比利・科恩,男,美國人,1972年出身。從他這代往上數,他家裡三代都是軍人,從小深受家庭影響的他一直以成為資本主義接班人的目標嚴格要求自己。為了督促自己他不但在課桌上刻了一個早字,還找了一個紋身師傅替自己在右臂上紋上了精忠報國四個大字(當然用的是英文)。那位中東裔的紋身師傅被他愛國精神深深感動,然後免費替他在右臂上用他根本看不懂阿拉伯文紋上了FU.CK.USA幾個大字。 高中畢業後,比利便應征入伍成為了一名光榮的美帝士兵,擁有敏銳的洞察力和豐富的武器知識,並且有著強力的正義感的比利很快便升職加薪脫離了苦逼的大頭兵階段成為了一名陸軍少尉。
一年前(1997年),他與二十多名同伴一同前往非洲某個叢林內部執行任務,並與當地的叛軍作戰。他們的任務就是在叢林裡找出這夥叛軍的藏身處。但是不幸的是他所在的部隊在叢林中迷失了方向,當抵達目的地時,由於連續的戰鬥和疾病,小隊只剩下四名幸存者。
更可恨的是,當他們一行歷盡千辛萬苦到達目的地後卻發現,那個所謂的遊擊隊基地隻不過是一個普通的村莊而已。比利的一名同伴盛怒之下失去理智拿起武器想要向著無辜村民射擊,比利在開槍阻止他的時候失手將其殺死,然後被隊長製服,回國後因為殺死同伴而被送上了軍事法庭。
開往監獄的囚車裡,戴著手銬的比利獨自依靠在囚車的角落裡抱著頭喃喃自語著,他現在的心情就和這偌大卻隻有他一個人的囚車一樣,空虛而無助。

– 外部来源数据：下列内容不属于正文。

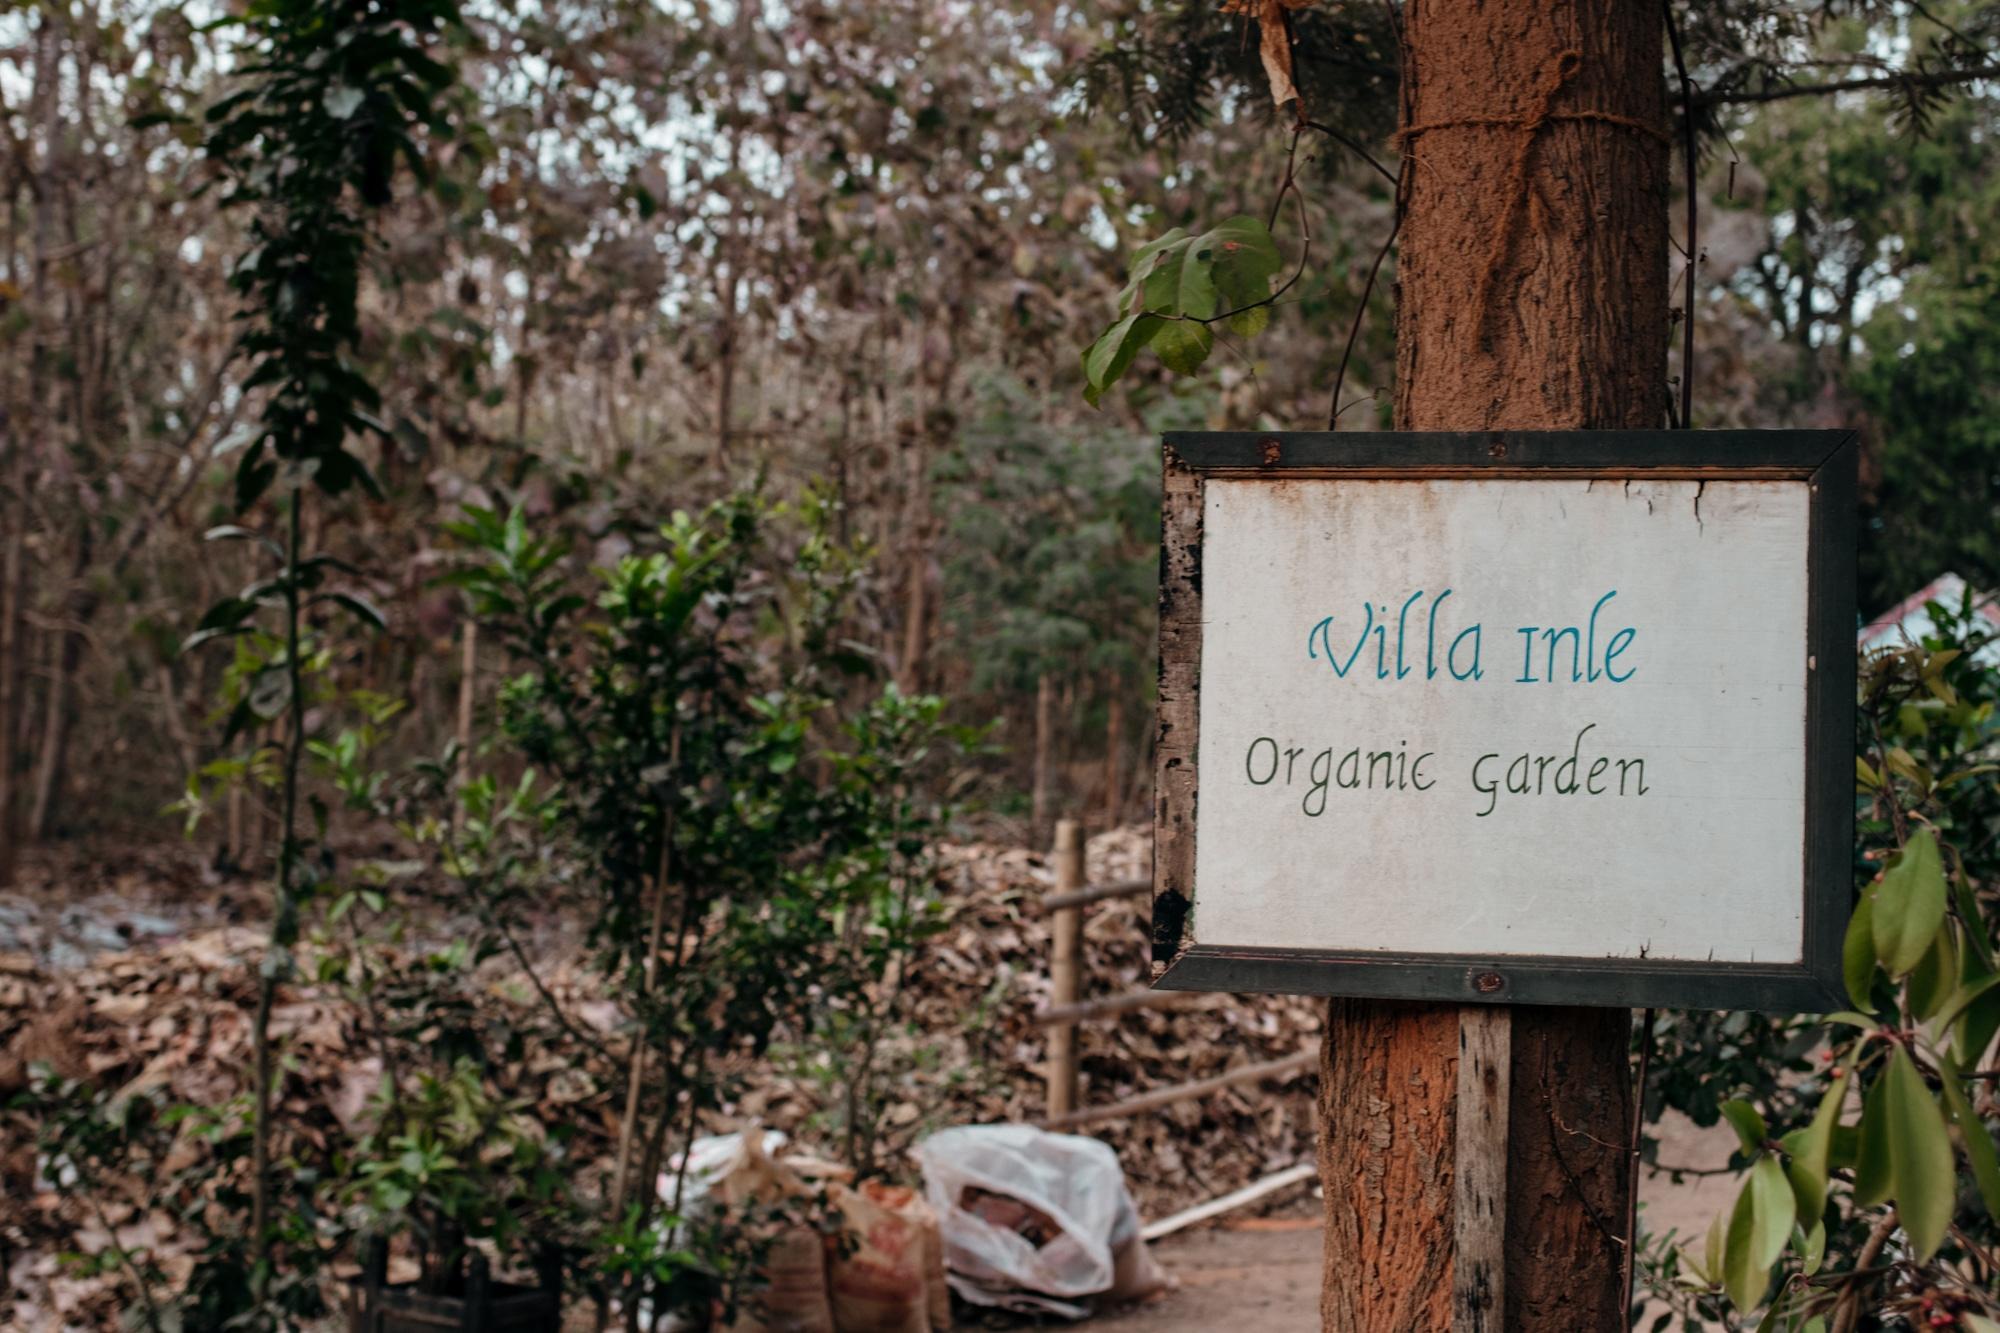 villa inle organic garden

他也許不會被判刑,但是他所一直熱愛著的軍旅生涯,看來是要畫上終點了。
“為什麽,為什麽會變成這樣呢……明明已經成為了一直憧憬著的軍人,又有了能夠互相依靠的夥伴。兩件快樂事情重合在一起,而這兩份快樂,又給我帶來更多的快樂。得到的,本該是像夢境一般幸福的時間……但是,為什麽,會變成這樣呢……”
這時候他所在小隊隊長那張不苟言笑的冰山臉仿佛又出現的眼前。
“與其想著自殺不如想著怎麽贖罪吧。”隊長搶下比利因為槍殺同伴而崩潰塞在自己嘴裡的槍,把他製服後這麽說道。
“真是的,為什麽你會這麽熟練啊!你到底用這一招用過過多少次了啊!?你到底要把我甩開多遠你才甘心啊!?”
“轟隆!”
就在比利胡思亂想時,伴隨著一聲巨響,他隻覺得眼前一陣天旋地轉,隨後腦袋一痛,暈了過去。
當比利醒過來的時候已經是半小時後了,他摸著自己發疼的的腦袋踉蹌的從翻到的囚車裡坐了起來。
“該死,發生了什麽?難道是研究了太多的白學終於遭到報應了?”比利在兩排座位之間的地板上坐著,這時候周圍的天色已經完全暗了,刺鼻的汽油味一個勁地往臉上衝,現在當務之急便是離開這個隨時有可能爆炸的囚車。
好在翻車的時候囚車的後門的那已經被撞的變形,當他忍著傷口的疼痛狠踹了幾下後便成功了打開了變形了的車門。
天空有些陰暗,在囚車外附近每個角落都能聞到沉悶的帶著汽油味的空氣裡隱約彌漫著一絲血腥味,想必押運他的兩個看守已經遭到不測了。
“該死的,迪克森、艾德你們還好嗎?”雖然知道對方也許已經死了,但是比利還是大聲的喊著押運他的兩個看守的名字。雖然這兩個家夥雖然是送自己去監獄,
但也隻是聽從命令而已,並不是個人行為,他們不比自己更該死。 囚車的周圍寂靜無聲,隻有一些古怪的沙沙聲從車頭出傳來,配合著昏暗的環境,顯得陰森有恐怖。
“該死的,這是什麽?”當比利繞過囚車來到聲音出現的車頭位置時,入目的畫面就身為老兵的他也隻感到如同背後被澆了一盆涼水般冰冷刺骨。
在車前燈的照耀下,比利清楚的看到,一隻沒有毛發外表皮膚多處腐爛掉落,紅色肌肉組織流露在外的杜賓犬正趴在迪克森的屍體愜意啃著他的肚子,配合上迪克森那張死不瞑目的臉,現場看起來簡直像個血肉屠宰場。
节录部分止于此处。